#### GIVEN INFORMATION:
______________________________
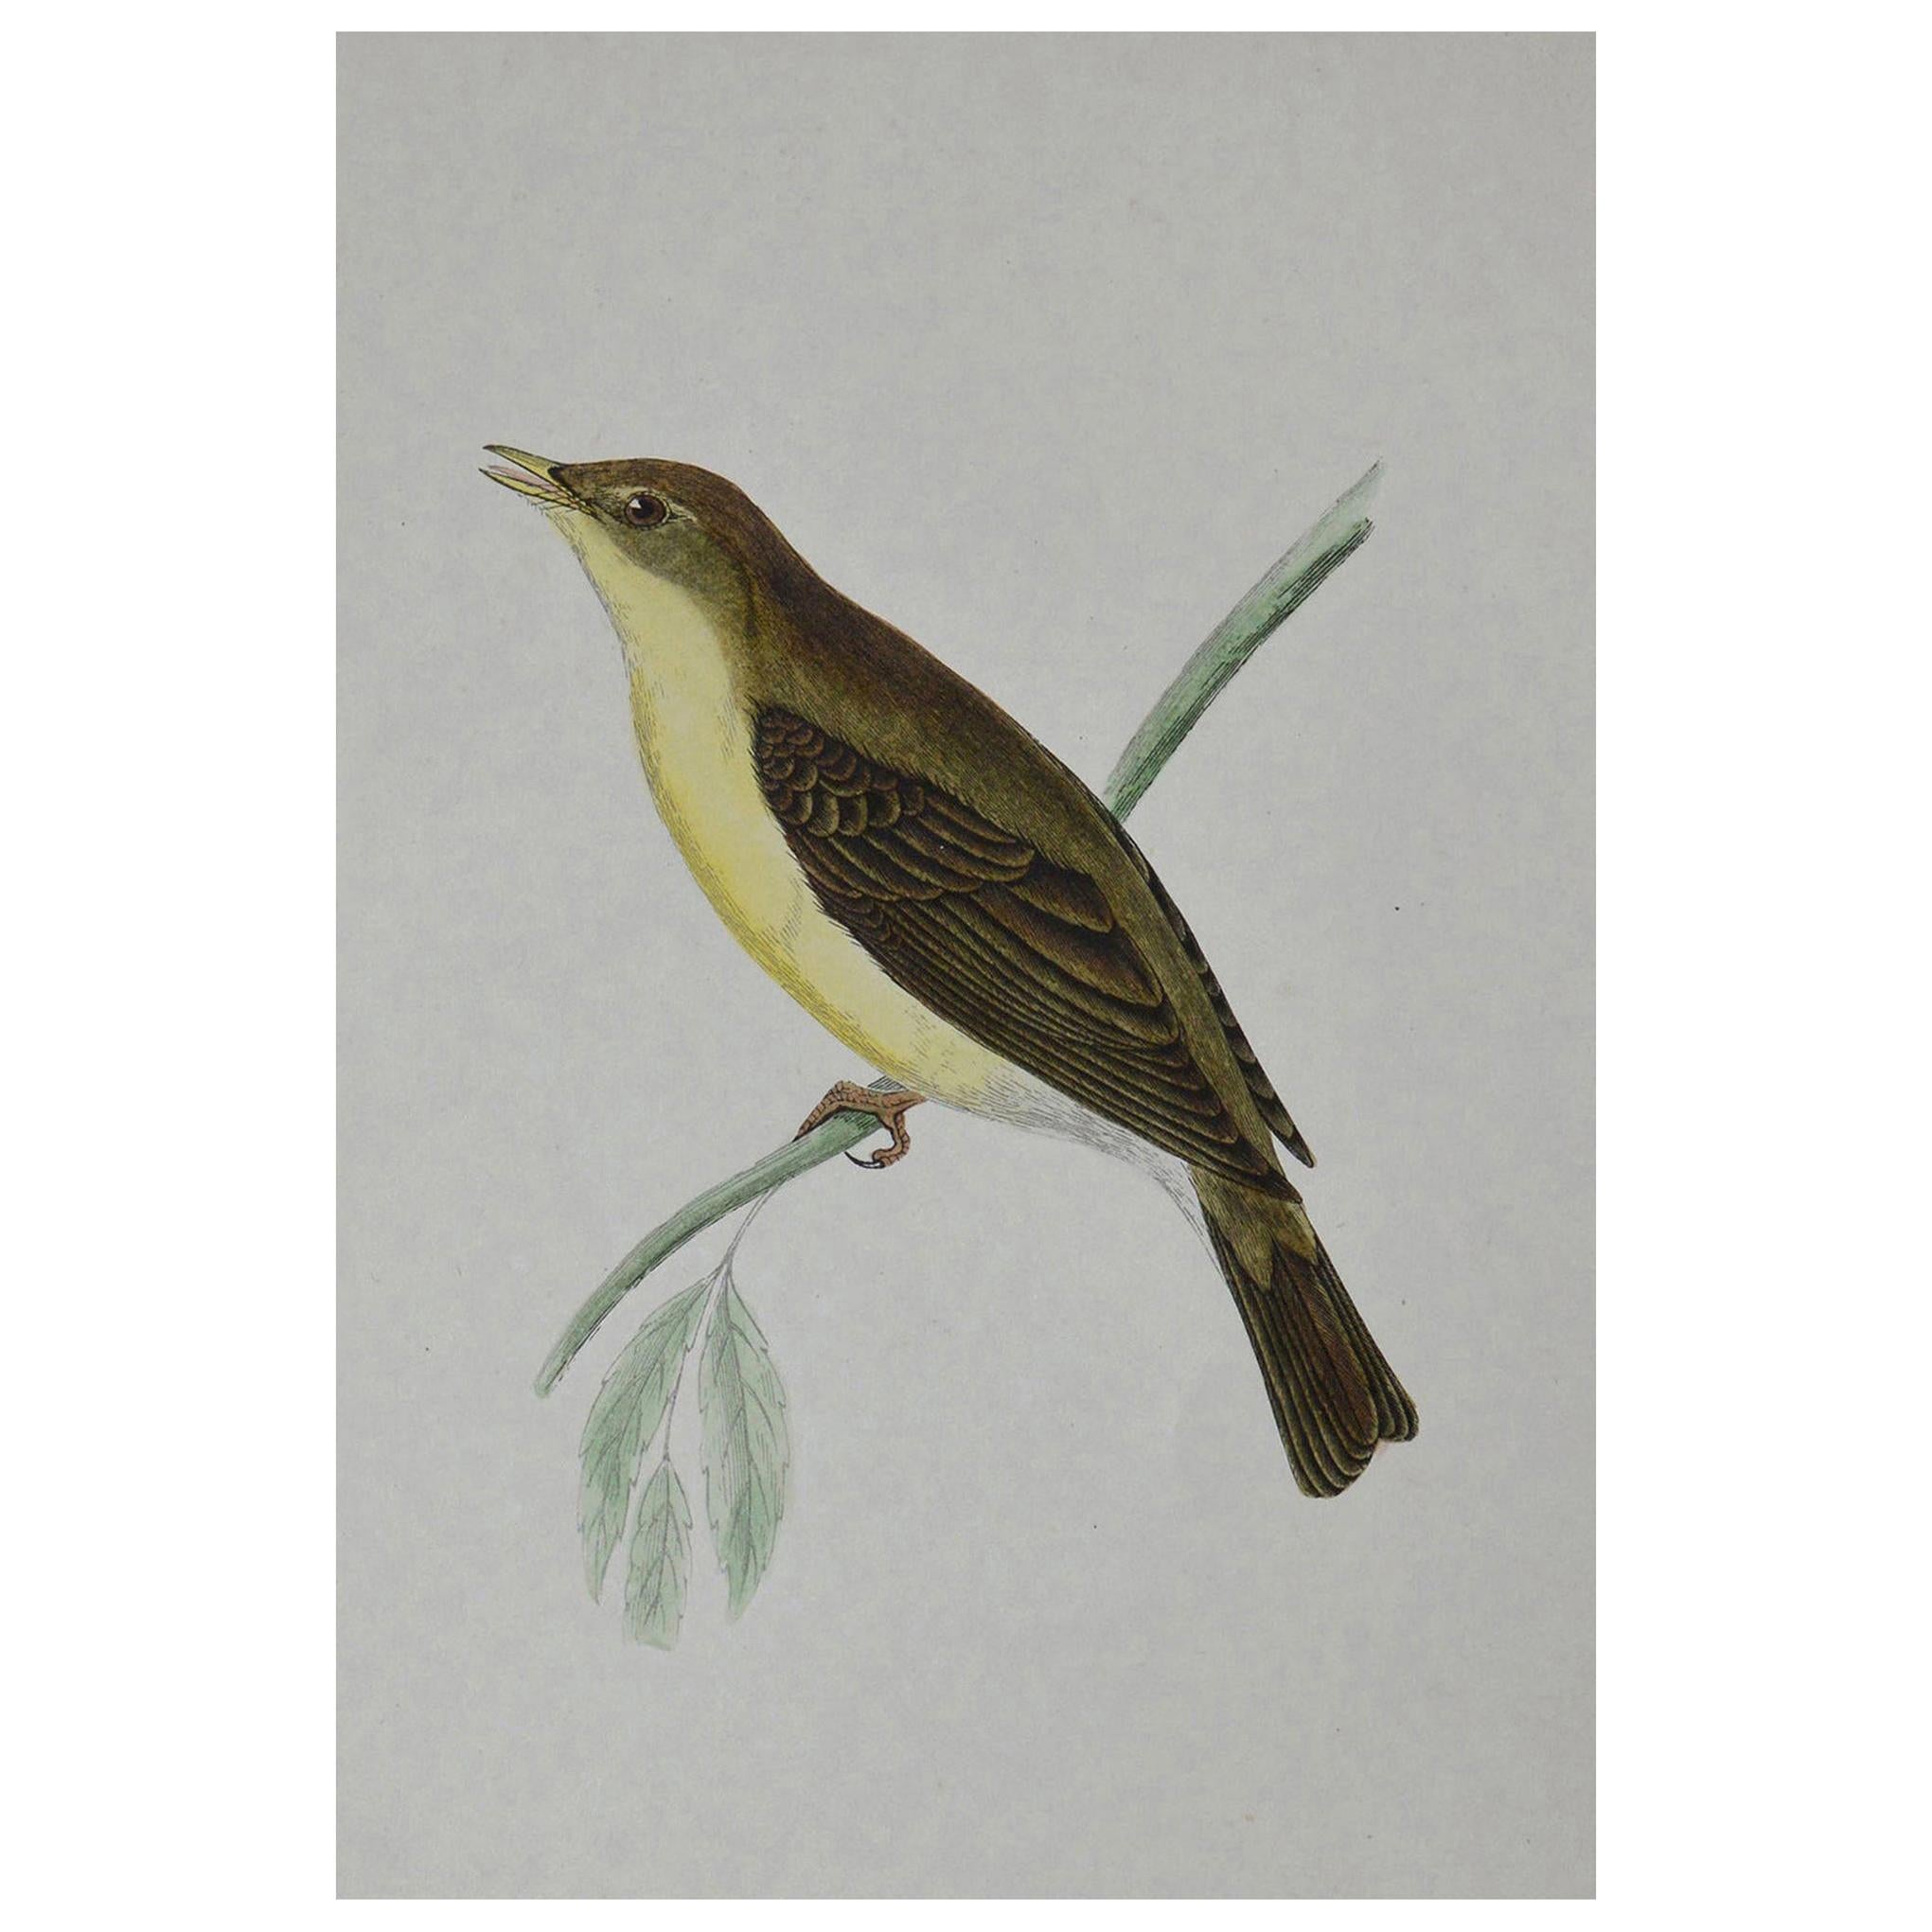 Original Antique Bird Print, the Willow Warbler, circa 1850
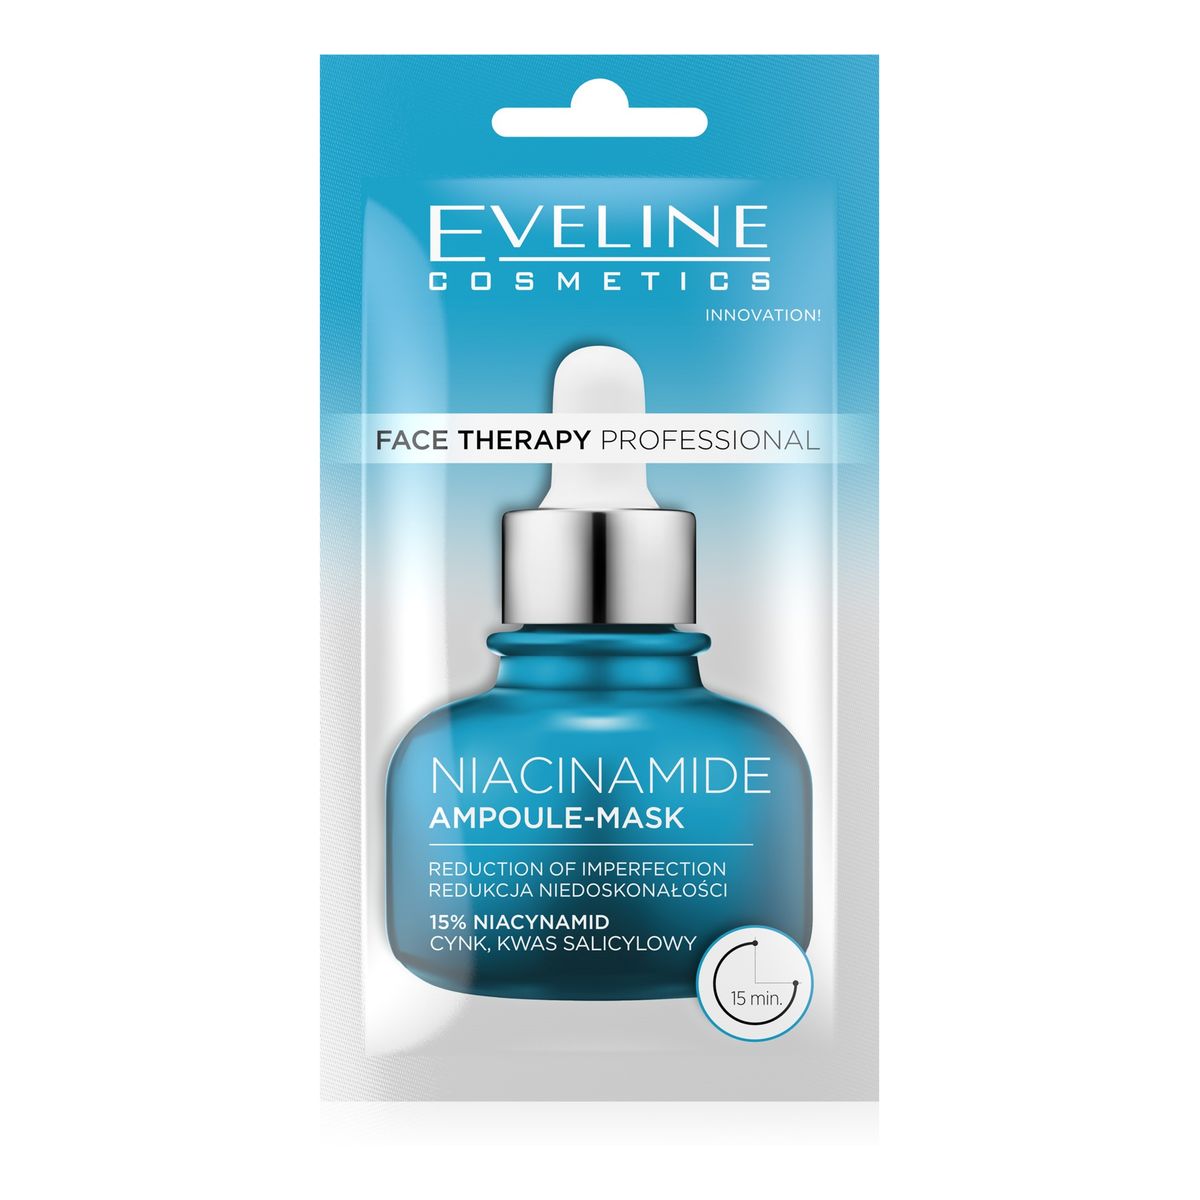 Eveline Face therapy professional maska-ampułka redukująca niedoskonałości z niacynamidem 8 ml
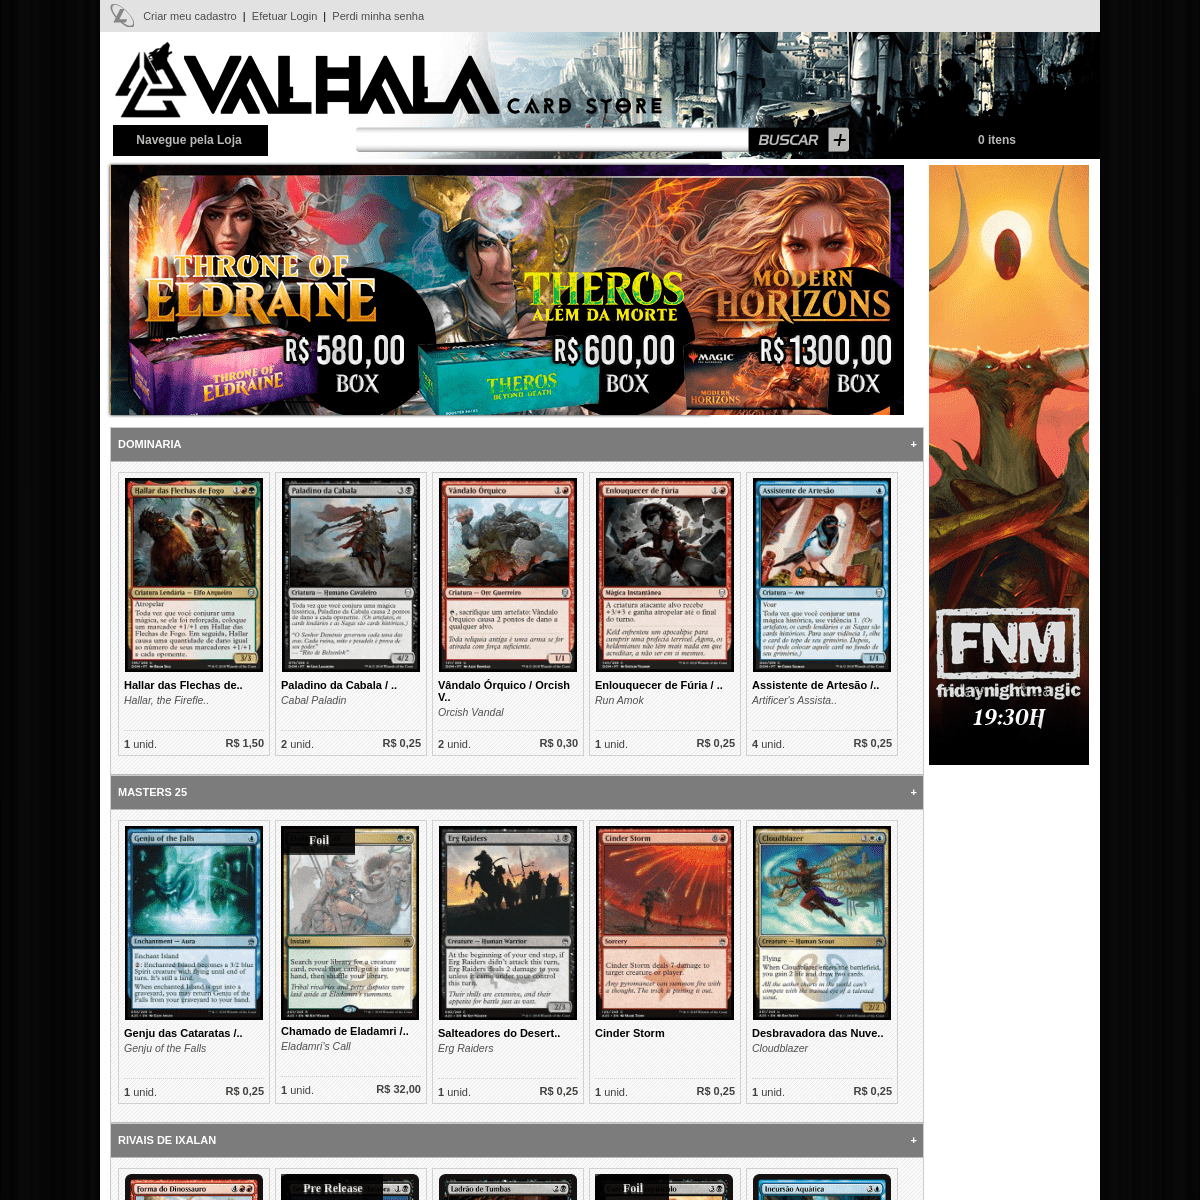 A complete backup of valhalastore.com.br
______________________________
#### WHAT THE TASK ASKS:
Repeat the data above exactly, but not the pictures.

#### RESPONSE:
 Original Antique Bird Print, the Willow Warbler, circa 1850
 Eveline Face therapy professional maska-ampułka redukująca niedoskonałości z niacynamidem 8 ml
 A complete backup of valhalastore.com.br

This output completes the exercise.